Conclusion: decoding remains a separate bottleneck. The current xtrain sampler only supports greedy and temperature sampling; top-p and
repetition penalty exist in xserv's chat path, but not in the raw xtrain sampler or `xserv-cli` path used for weight validation. A clean
next step is to add a raw generation tool with `temperature/top-p/repetition-penalty` so decoding experiments do not depend on chat
templates.

## xserv Validation

Registry path:

```text
/opt/wjh/projects/tiny-models/v10-fineweb-edu-dim1280-gqa-data6765
```

Files:

- `config.json`
- `model.safetensors` (BF16, 201 tensors, 927MB)
- `tokenizer.json`
- `xtrain.ckpt` (fp32 master checkpoint, 1.9GB)

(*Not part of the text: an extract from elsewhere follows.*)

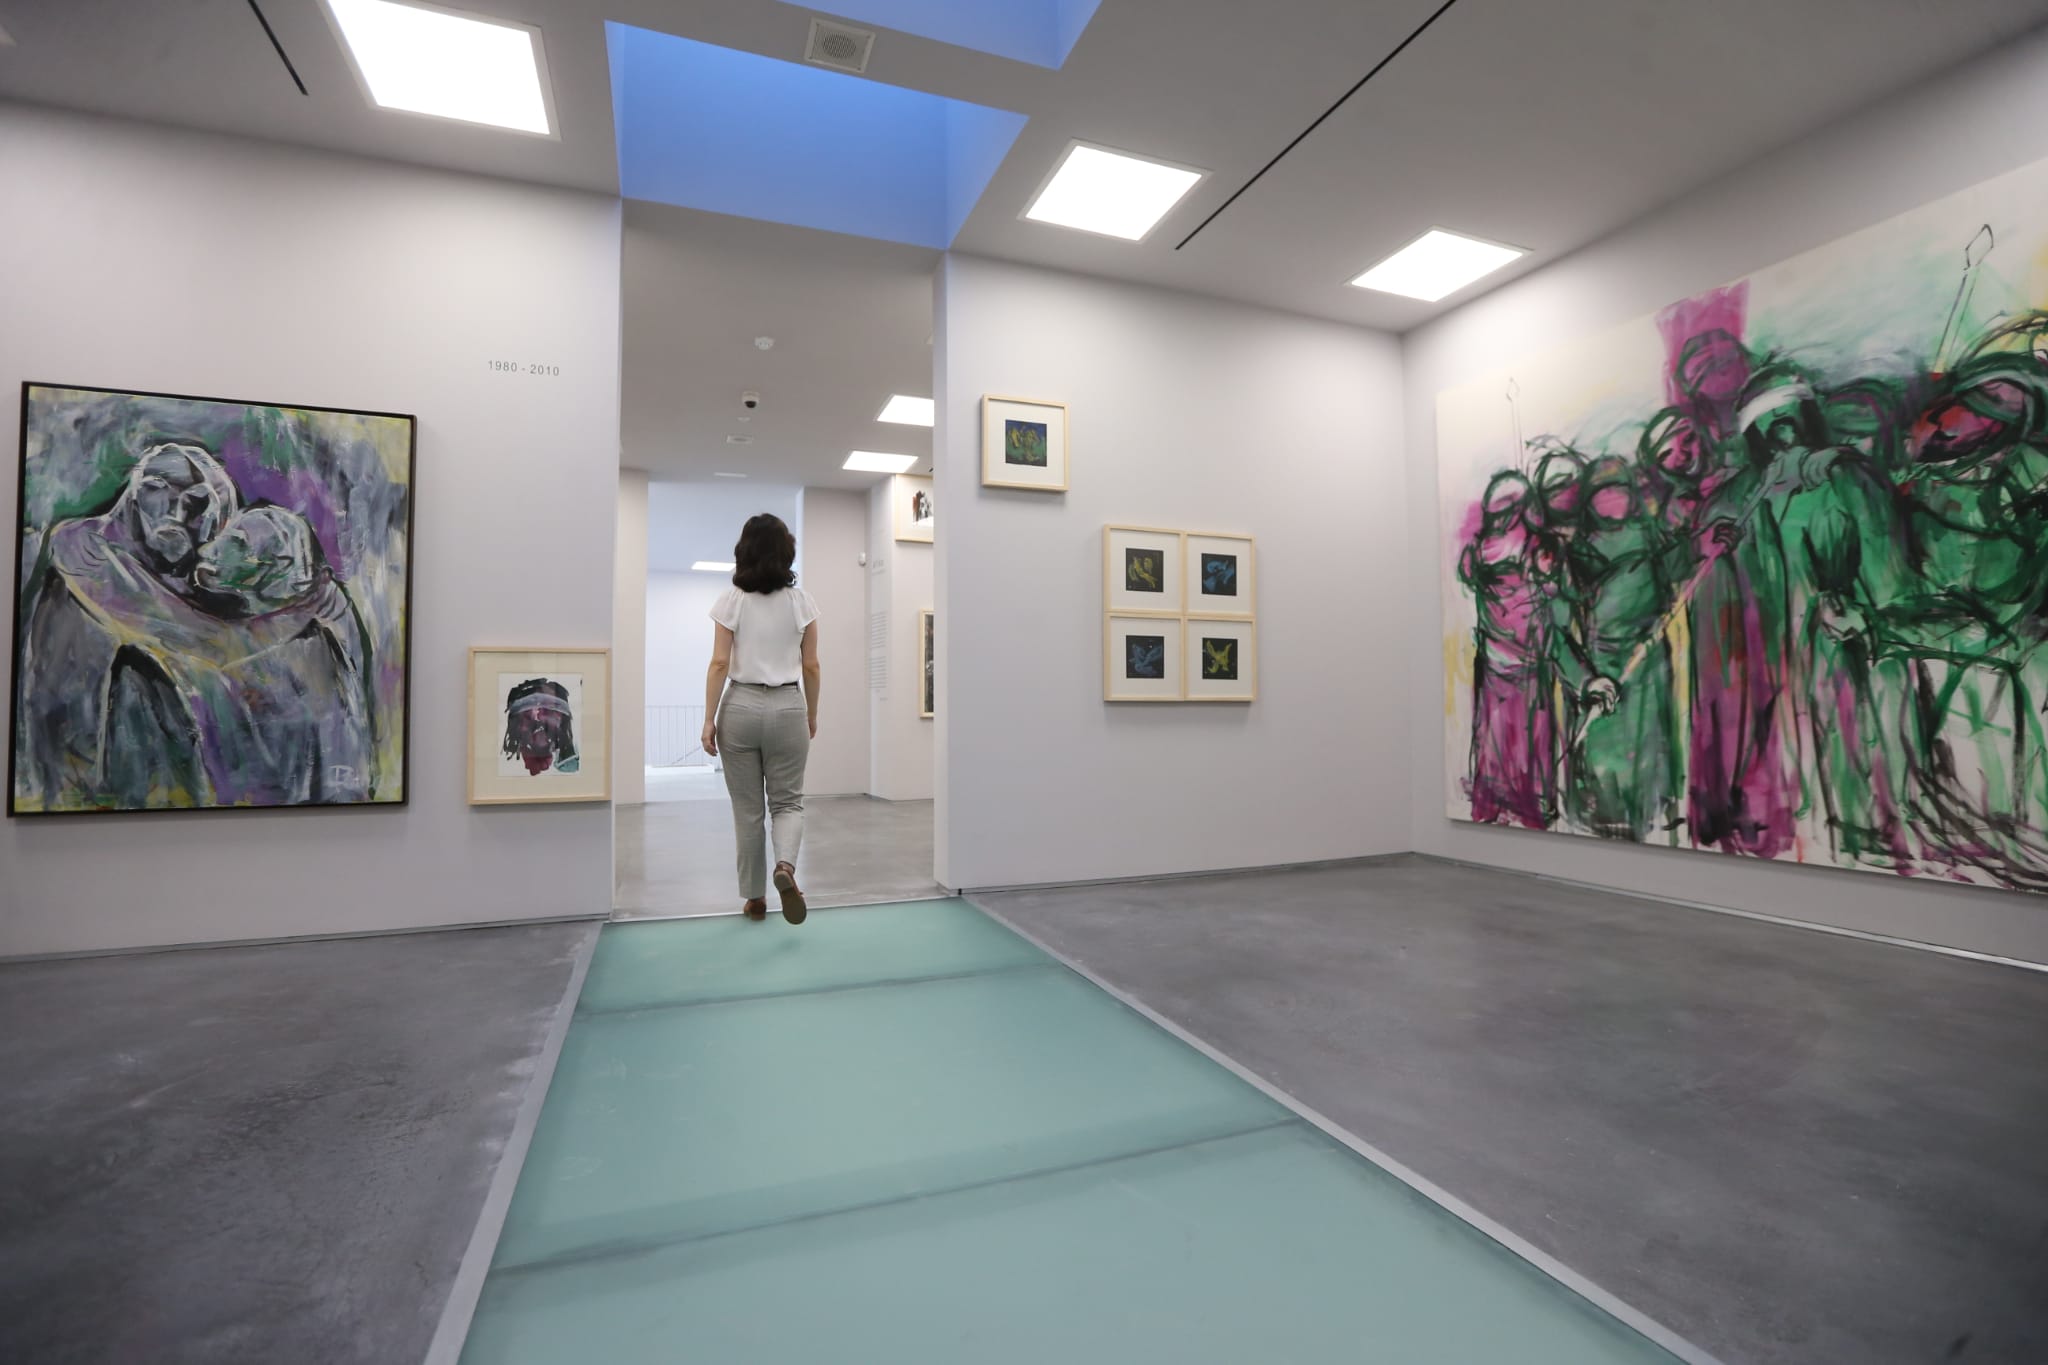 El equipamiento cultural estrena su ampliación de 400 metros cuadrados con un amplio montaje sobre la trayectoria del artista malagueño

xserv loads v10 as true GQA:

```text
Model: qwen3, layers=18, hidden=1280, heads=40/10 kv, vocab=50257
Loaded 201 tensors
Ready (KV cache, dtype=bf16).
```

## v11 Feasibility: Bigger Model + Longer Context

A v11 smoke test prioritized the user's chosen direction: larger model plus longer context.

Candidate:

| item | value |
|------|-------|
| dim / layers | 1536 / 20 |
| heads / kv_heads | 48 / 12 |
| ffn | 6144 |
| core / total params | 684.26M / 838.65M |
| stack | bf16 + recompute + flash + accum + 8 GPU DDP |

Smoke results:

| seq | batch / accum | effective batch | peak mem | tok/s | result |
|-----|---------------|-----------------|----------|-------|--------|
| 512 | 64 / 4 | 256 | **30530 MiB** | **44.7K** | 50 steps OK |
| 1024 | 32 / 8 | 256 | **30530 MiB** | **31.0K** | 20 steps OK |

Both fit, but the memory margin is thin on 32GB RTX 5090. Expected one-epoch wall clock on 6.76B tokens:

- seq512: roughly **42h**
- seq1024: roughly **61h**

Recommendation: make v11 a controlled run, not a blind launch. Use fixed eval v1, keep data fixed, and choose either:

1. **v11a practical**: dim1536/20L, seq512, batch64/accum4. Faster, still doubles context over v10.
2. **v11b long-context**: dim1536/20L, seq1024, batch32/accum8. More aligned with "long context", but ~2.5 days and tight memory.

For scientific clarity, v11 should not append more data before training; use the current 6.765B train cache while preserving fixed eval v1.